The Company is producing carbon fibers at its full operational capacity and
needs to expand its capacity to meet the indicated and forecasted demand for
carbon fiber products. To support the Company's growth strategy, it
completed a secondary stock offering in September 1996. The Company sold 2.3
million shares of Common Stock and received net proceeds of $68.9 million.
The Company is utilizing the net proceeds, together with internally generated
funds, to expand its carbon fibers manufacturing capacity, from its current
annual capacity of approximately 3.5 million pounds to approximately 8.5
million pounds by the end of fiscal 1997. The Company's strategic plan calls
for further increases in annual capacity to 19.5 million pounds by the end of
fiscal 1998 and to an aggregate of 40 million pounds in the United States and
Hungary over the next four to five years. In addition to securing the raw
material source, the Company has developed a standardized continuous
carbonization line design to optimize the technical process capabilities,
reduce equipment cost and shorten lead time for future expansion between the
decision to add capacity and when lines become operational.
- 7 -
<PAGE> 8
Results of Operations
- ---------------------
Three months ended December 31, 1996 compared to three months ended
- -------------------------------------------------------------------
December 31, 1995
- -----------------
The Company's net sales increased 136% to $22.0 million for the first quarter
of fiscal 1997 from $9.4 million for the first quarter of fiscal 1996. The
increase resulted from an increase in Zoltek's carbon fiber business and the
inclusion of Viscosa's revenues for a full quarter in fiscal 1997. The first
quarter of fiscal 1996 included Viscosa's revenues since its acquisition on
December 8, 1995. Net sales from Zoltek's carbon fibers business totalled
$5.3 million in the first quarter of fiscal 1997, an increase of 8% compared
to the first quarter of fiscal 1996. Growth in carbon fiber sales in the
recently completed quarter was constrained by production capacity. For the
first quarter of fiscal 1997, Viscosa reported net sales of $16.7 million
compared to $4.4 million for the period from its acquisition on December 8,
1995 to December 31, 1995. All of the Viscosa sales were into markets
Viscosa historically had served prior to the acquisition.

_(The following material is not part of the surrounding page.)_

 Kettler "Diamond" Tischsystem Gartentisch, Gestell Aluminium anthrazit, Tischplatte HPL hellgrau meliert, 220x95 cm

Gross profit increased 111% to $5.6 million for the first quarter of fiscal
1997. The increase resulted from a 16% increase in gross profit from
Zoltek's carbon fiber business and from the operation of Viscosa after its
acquisition by the Company. Excluding Viscosa, Zoltek's gross margin
percentage from the carbon fibers business increased to 39% for the first
quarter of fiscal 1997 from 37% for the first quarter of fiscal 1996.

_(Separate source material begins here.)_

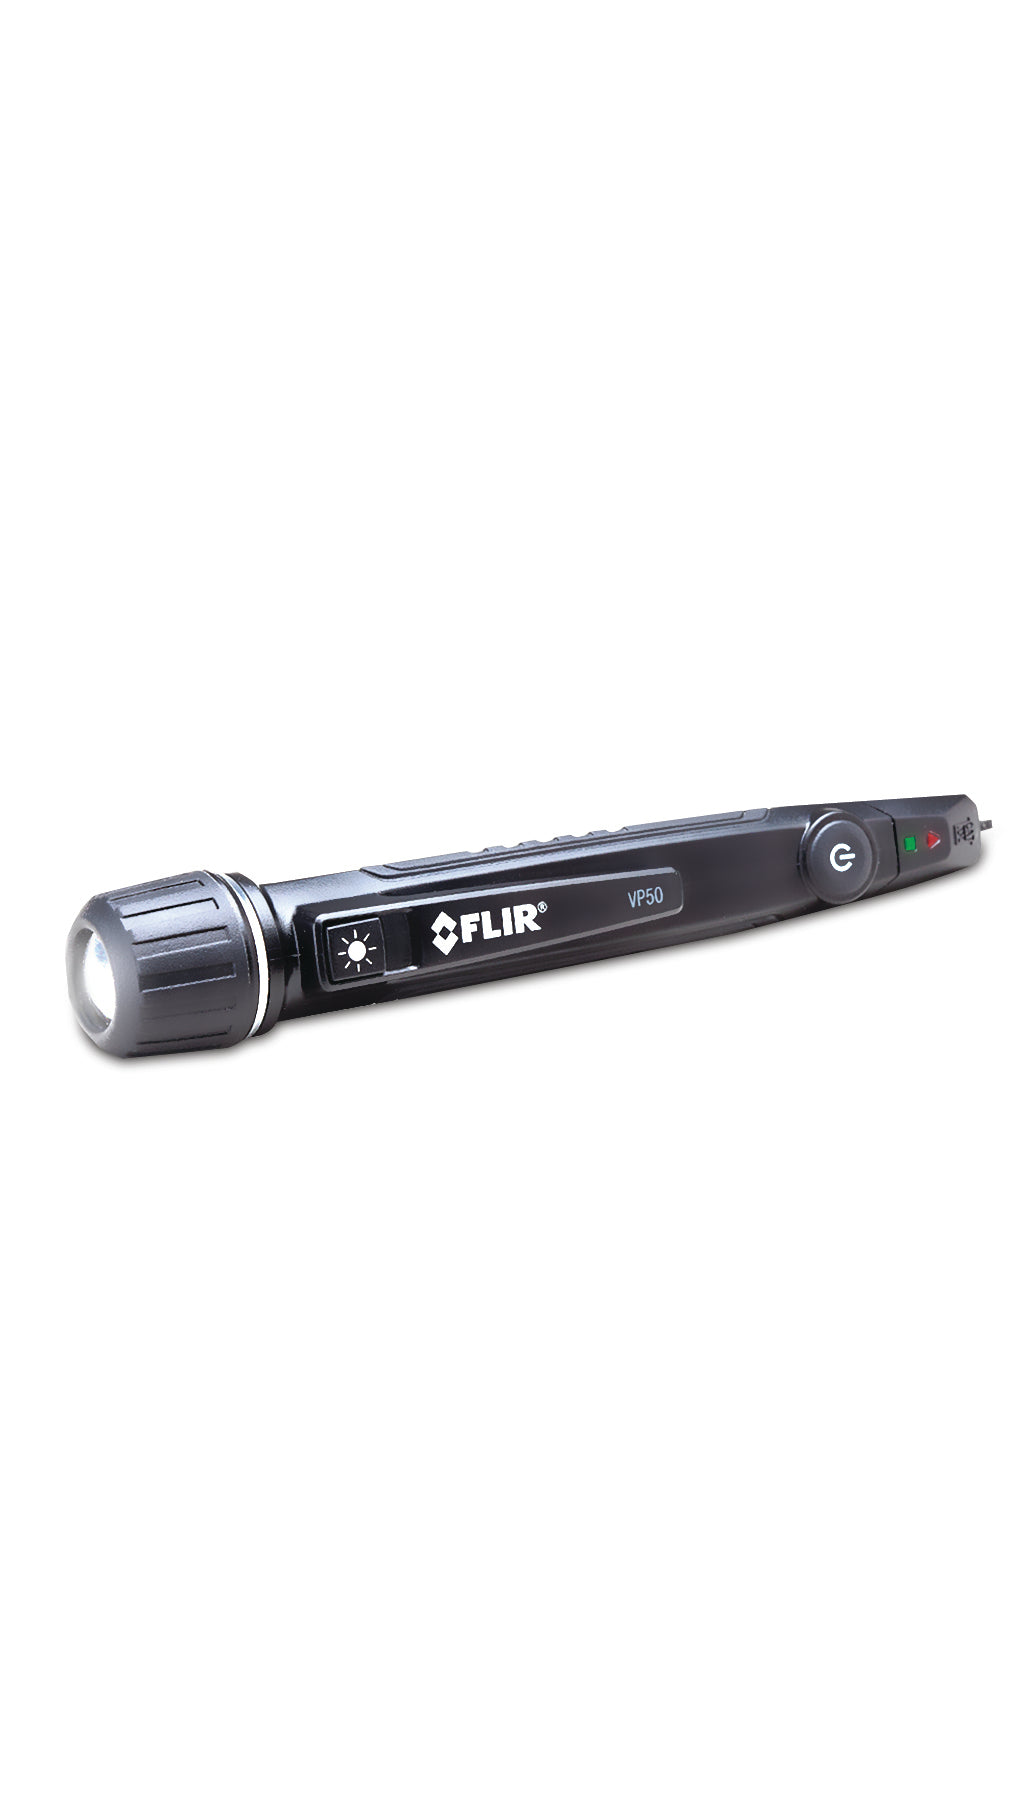 FLIR VP50 Non-Contact Voltage Detector w/ Flashlight FLIR VP50

The increase was primarily attributed to manufacturing efficiencies
from volume increases. The Company's overall gross profit was 25%
for the first quarter of fiscal 1997 compared to 28% in the first quarter
of fiscal 1996 due to the participation of Viscosa for the full quarter.
Historically, Viscosa has generated significantly lower gross margins than the
carbon fibers business. However, Viscosa's productivity and margins have
significantly improved compared to its operations prior to the acquisition.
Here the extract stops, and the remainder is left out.